🤖 AI Summary
Dynamic job shop scheduling faces strong uncertainty due to stochastic job arrivals; existing offline learning policies exhibit limited generalization and thus rely on online planning—e.g., Monte Carlo Tree Search (MCTS)—yet MCTS decisions under partial observability are highly susceptible to perturbations. This paper proposes a robustness-enhanced MCTS framework that, for the first time, integrates action robustness estimation into both the selection and backpropagation phases of MCTS. By jointly leveraging offline-learned policies and online dynamic planning, the framework steers the system toward high-efficiency production states that are inherently interference-resilient and easily adjustable.

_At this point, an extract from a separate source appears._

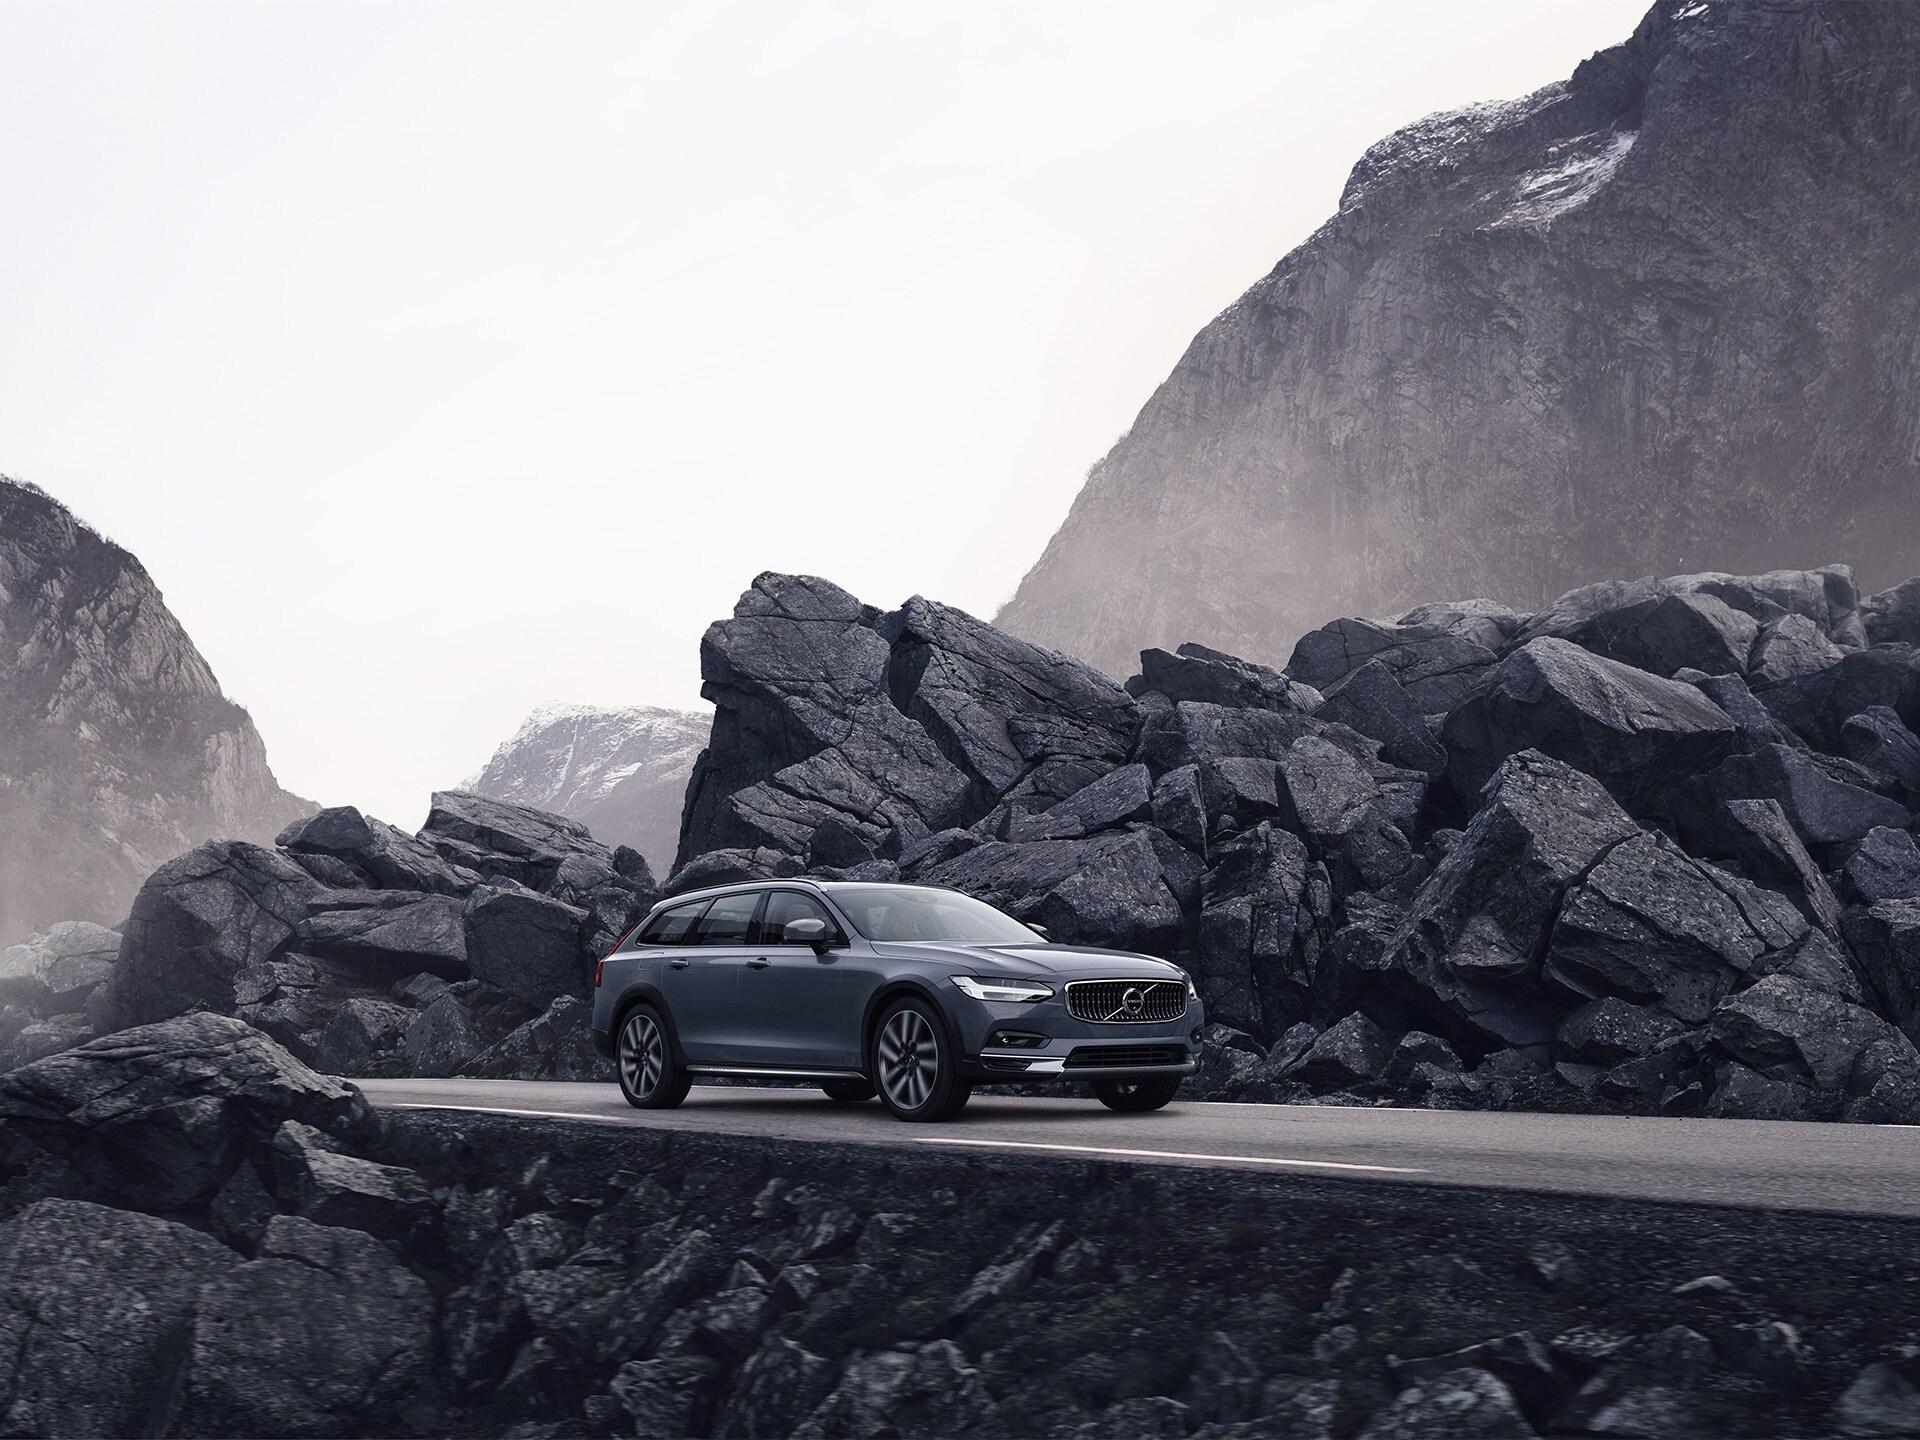 Ένα γκρι Volvo κινείται στην άκρη ενός δρόμου με βράχια

Experiments demonstrate that the method significantly outperforms baseline policies—including standard MCTS—across diverse dynamic scenarios, achieving simultaneous improvement in long-horizon scheduling performance and decision robustness, with negligible additional online computational overhead.
📝 Abstract
Dynamic job shop scheduling, a fundamental combinatorial optimisation problem in various industrial sectors, poses substantial challenges for effective scheduling due to frequent disruptions caused by the arrival of new jobs. State-of-the-art methods employ machine learning to learn scheduling policies offline, enabling rapid responses to dynamic events. However, these offline policies are often imperfect, necessitating the use of planning techniques such as Monte Carlo Tree Search (MCTS) to improve performance at online decision time. The unpredictability of new job arrivals complicates online planning, as decisions based on incomplete problem information are vulnerable to disturbances. To address this issue, we propose the Dynamic Robust MCTS (DyRo-MCTS) approach, which integrates action robustness estimation into MCTS. DyRo-MCTS guides the production environment toward states that not only yield good scheduling outcomes but are also easily adaptable to future job arrivals. Extensive experiments show that DyRo-MCTS significantly improves the performance of offline-learned policies with negligible additional online planning time. Moreover, DyRo-MCTS consistently outperforms vanilla MCTS across various scheduling scenarios. Further analysis reveals that its ability to make robust scheduling decisions leads to long-term, sustainable performance gains under disturbances.